I wonder if there might be unique military applications. I’m thinking recon satellites launched on short notice to be able to observe a target that’s trying to hide. Launch site flexibility also means you can launch from a location that would let you recover the payload after only one orbit, like the Shuttle could do.


Yeah, that's exactly the sort of thing that comes to mind and what might make the scheme work: not merely trying to serve an existing market but create an entirely new capability that can then command sufficient margins. Could the military have reusable birds on standby and then just be able to launch them for some specific conflict aiming for a quick lifetime at much lower altitude and with a path and period that wouldn't be known to adversaries? I haven't crunched the math, but in principle it seems like they could launch something stratospheric even, not high enough for a long term stable orbit but in turn could have higher mass and useful new intel gathering potential.

Of course economics still matters here even for the military, it still will be weighed against conventional satellites and spy planes and so on.
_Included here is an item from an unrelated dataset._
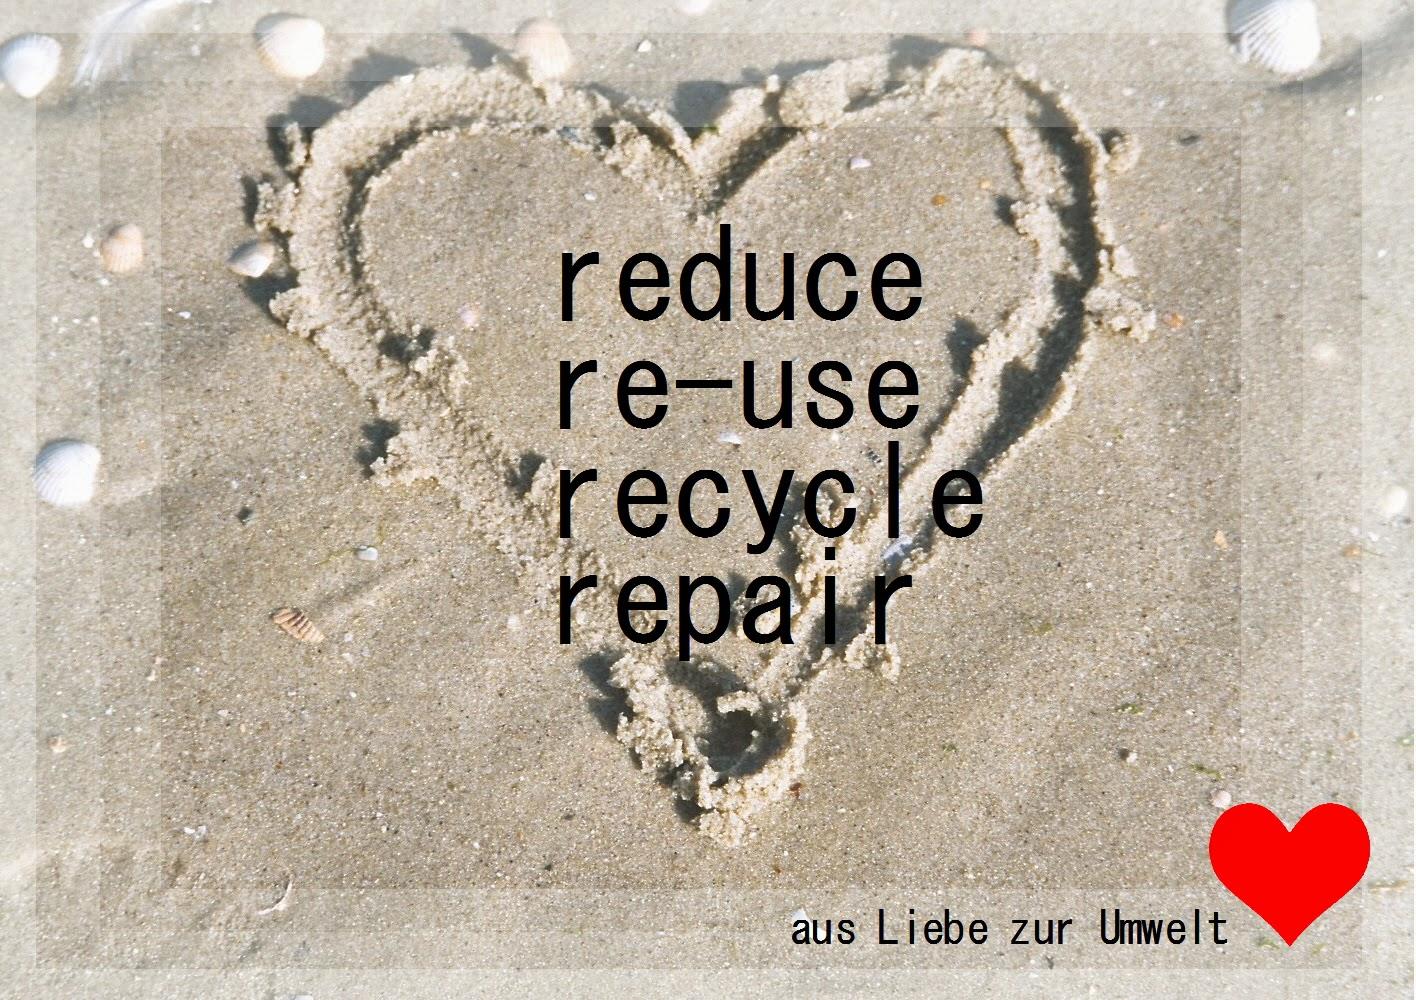 aus Liebe zur Umwelt

But a sales pitch of:

>"We can pick up your bird from anywhere with enough runway, fly it to somewhere it can be launched at any time with minimal to zero worries about weather, other air traffic, or bothering (or even being visible to) populated areas, and hit any azimuth (no population overflight concerns either)"

seems like it might be worth something at least. It's certainly somewhat different beyond cost at least, even if it doesn't matter to most. The AF has their own robotic spaceplane project after all, seems like there is at least some interest in this kind of area?


From a quick google, a 200km orbit lasts roughly a day and it drops to zero very quickly after that, so I don’t think you could save too much by launching lower, but it might be worthwhile.


Dale Brown [1] wrote about this in his series of military techno-thriller novels, I think somewhere around Wings of Fire, written in 2002. Basically the idea is to have easy to launch constellations of micro-sats that could be launched to LEO to cover a specific area for a few days or weeks.

If this does come to fruit in real life, it wouldn't be the first time that ideas from his books have become reality 10-20 years later.

[1] https://en.wikipedia.org/wiki/Dale_Brown


In prior speculation on space-related forums, the only non-military application that seemed likely was space tourism. (The extra flexibility you get on launch site and timing could enable unusually quick rendezvous with a space station already in orbit -- which also has kind of obvious benefits to a hostile military.)


Not an easy thing to do. Getting a sat stabilized and orientated sufficiently to take good photos takes time. It would certainly be several days before such a small sat would be useful, giving them more than enough time to hide.


Is that a fundamental limit, or just how they’re currently built because they don’t need to do anything better?

I don’t know a whole lot about spy satellites, but the existence of things like spy planes and accurate ICBMs suggests the latter.


For small sats in low orbit it can be a very big deal. Before you can start snapping pictures accurately you need to confirm the actual orbit. You let the thing whip by a couple times to confirm its speed and altitude. Then it will likely be spinning a little. You need to wait for the aerodynamic forces to smooth that out.